Information supplied =

----------------

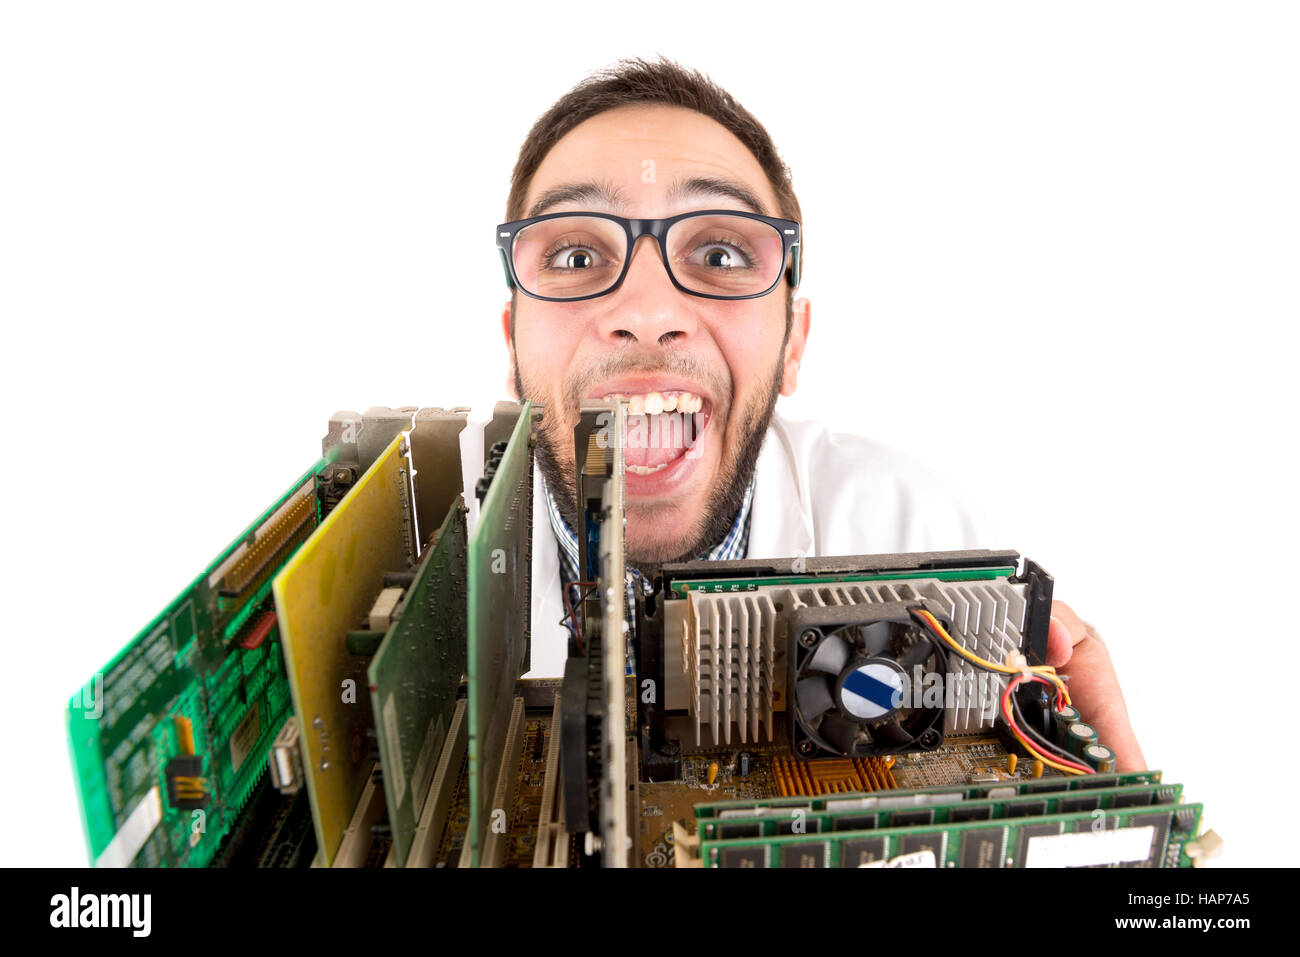 Nerd engineer posing with computer components isolated in a white background Stock Photo
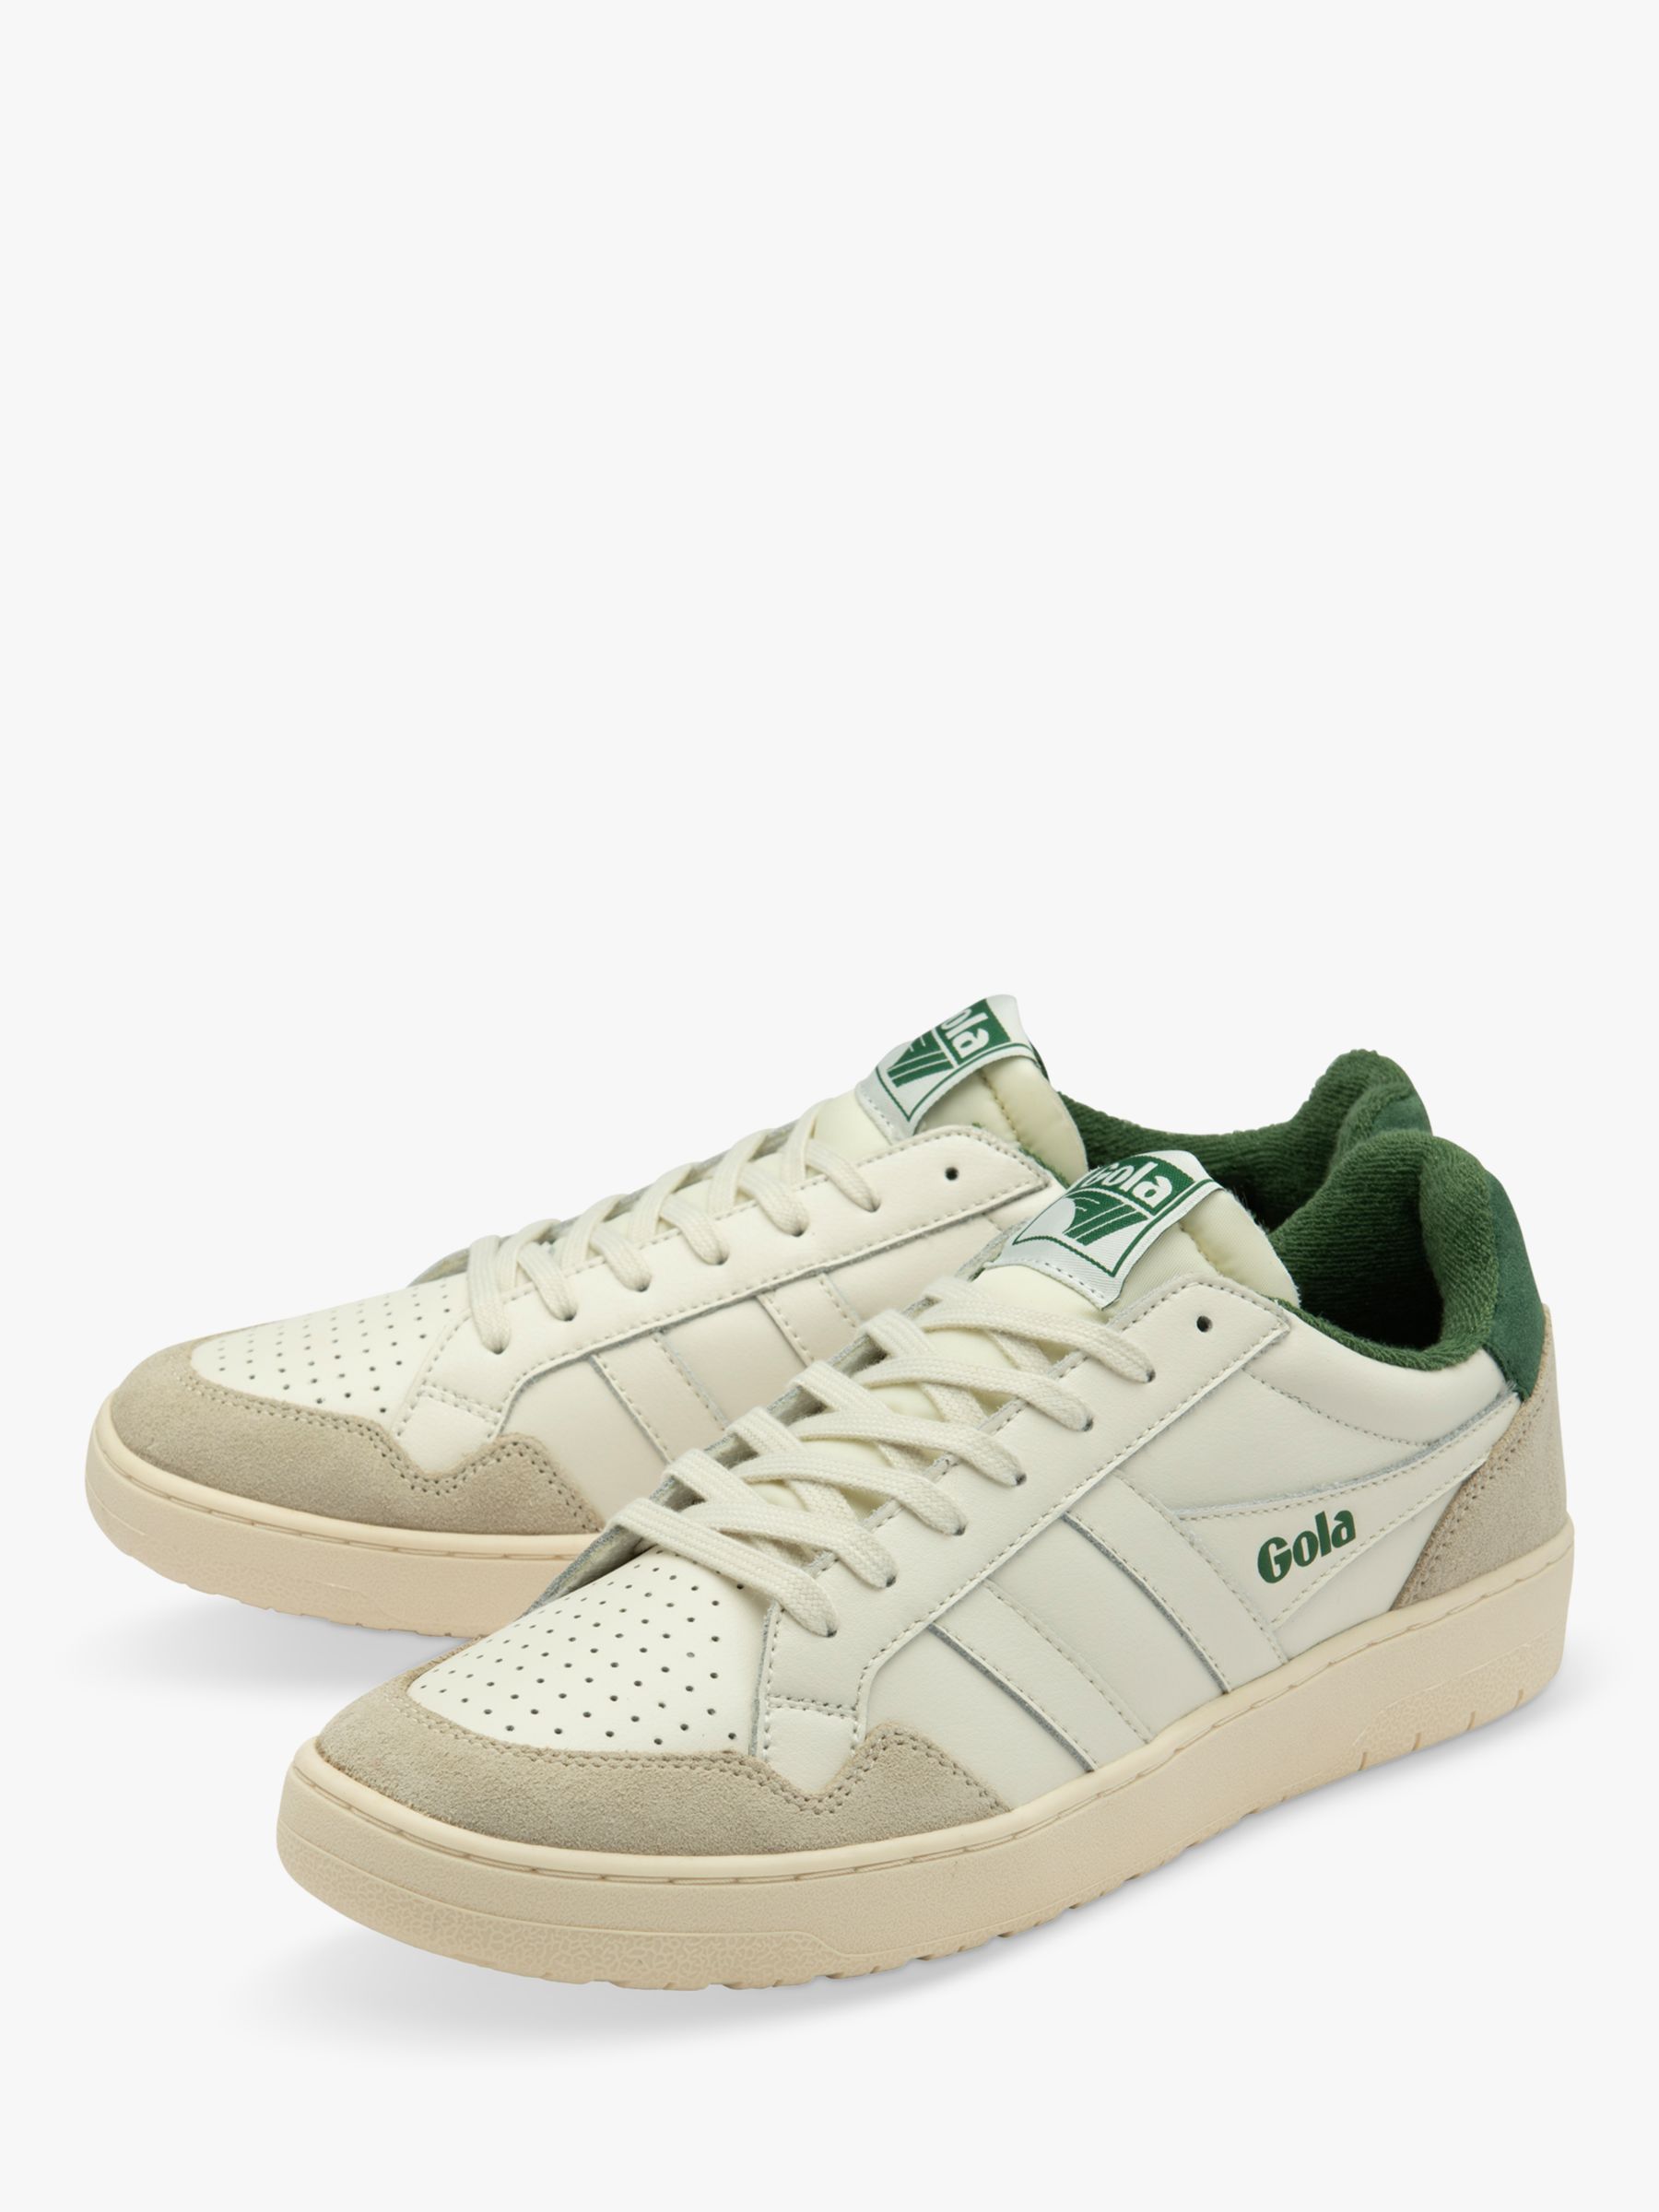 Buy Gola Eagle Leather Lace Up Trainers Online at johnlewis.com
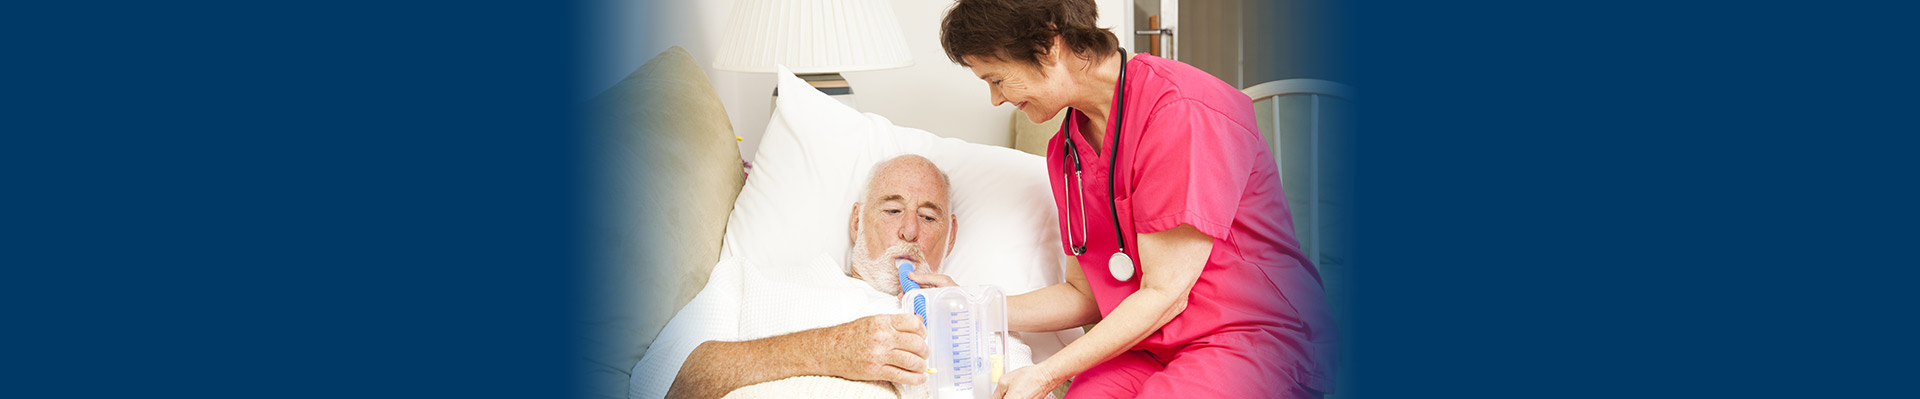 Banner picture of a male patient lying down on a couch doing Respiratory Therapy. A female Respiratory Therapist is holding a tube up to his mouth as he blows into a Incentive Spirometer,

Respiratory Therapy

----------------

Problem to solve = An exact copy of all the lines above is required, with the pictures removed.

Answer to this problem =
 Nerd engineer posing with computer components isolated in a white background Stock Photo
 Buy Gola Eagle Leather Lace Up Trainers Online at johnlewis.com
 Banner picture of a male patient lying down on a couch doing Respiratory Therapy. A female Respiratory Therapist is holding a tube up to his mouth as he blows into a Incentive Spirometer,

Respiratory Therapy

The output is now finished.